このまま神様から離れていっては、本当にダビデ自身が霊的に死んでいってしまう。その前に、神様に立ち返るように、そのために神様はナタンをダビデの元に遣わしたのではないか。罪に気付かなければ人は立ち返る事は出来ない。自分が道から外れていると知らずにどうして本来行くべき道にもどることができるだろう。神様は私たちを命の道に導きたいのです。人を責めるのは簡単、誰でもできる、でも私たちは、責めて終わりではなく、神様の、いのちの道に悔い改め立ち返る、ないし導く必要があるのではないでしょうか。
そもそも私たちは忘れている。私たちは御子イエス様を十字架にかけ殺した、その張本人なんだ、という事を。ウリヤの事件を酷い、と思うでしょう?でも私たちは、私たちの罪の身代わりとしてイエス様が犠牲になられ、身代わりとなられ、十字架で死なれた。その命を受けたものであるという事を忘れてはいないだろうか?本来、神様から、そんなものは殺してしまえ、と言われてもおかしくないのに、神様はむしろ御子イエス様に私たちの罪を背負わせ十字架で身代わりに罰してくださった。
私たちは自分の罪、神様から離れて神様を神様とせず、気づかない間に罪を犯し、歩んでいることを知らなければ、そしてその罪がイエス様の命にあって赦された(もちろん受け入れればの話ですが)この恵みの大きさを理解する事は出来ない。自分が罪人であったことを知って初めて、いかに神様の愛が素晴らしく大きなものであるかを理解する事は出来ない。
私も、この大スキャンダルを、どこかダビデを責めて終わってみていたけど、それは「私」なんだ、という事に目をつぶっていた。私は確かに、ウリヤを殺していない。でも私はこの罪ゆえに御子イエス様の命を十字架にかけた。
でも、それでも、私たちを悔い改めに導くために、神様は御子イエス様を遣わし、身代わりにすることを選んだ。

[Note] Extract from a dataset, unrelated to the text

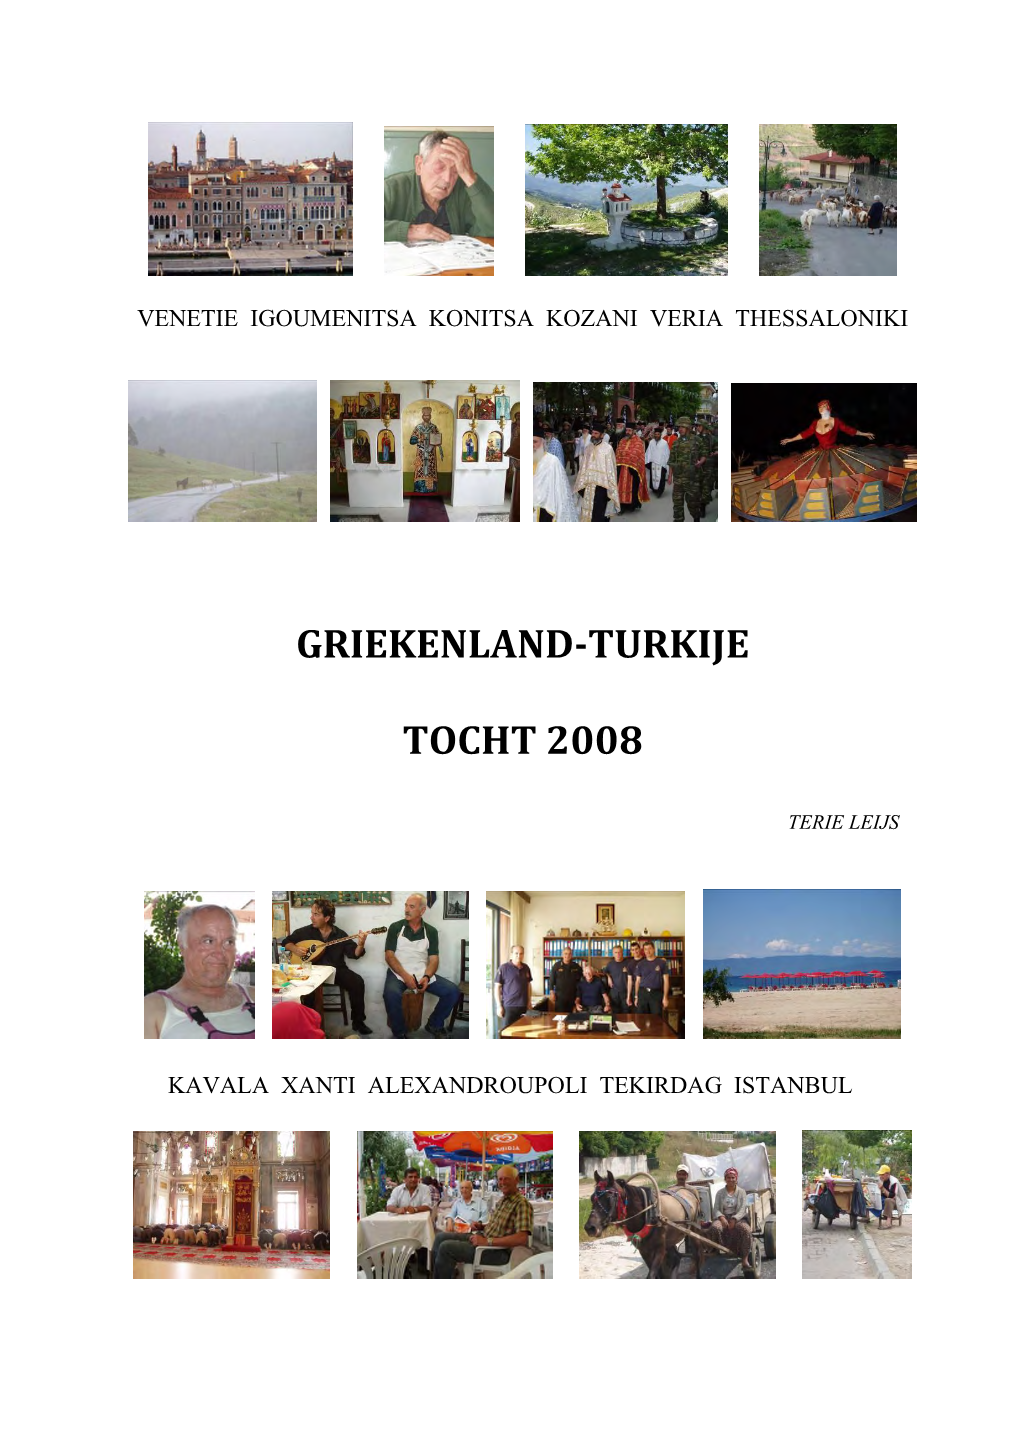 Griekenland-Turkije Tocht 2008

放っておいて、そのまま死んでもいい、と考えず、あなたを取り戻すために、救いの、福音のメッセンジャーとして御子イエス様を遣わしてくださったのです。
私たちは神様との関係を宗教や他人事としてとらえてはいけない。神様はリアルにあなたを愛し、あなたに命をもたらすため、罪から、サタンの手から救い出すために御子イエス様の命さえ惜しまず与えるほどに愛される方。その命を持ってまでいただいた最大の恵みを今日覚えよう。他人事のように見るのではなく、自分の内に神様から離れ、傷ついた、傷つけた部分がないか、神様から離れ、御心から離れていないか。いつも祈り聞きながら、洗い聖めていただき、神様の御心のままに造り変えてください、と立ち返り祈ろうではありませんか。私たちは決して偉い王、ダビデではない。この神様の前に遜り、神様の下さる恵みによって生きよう。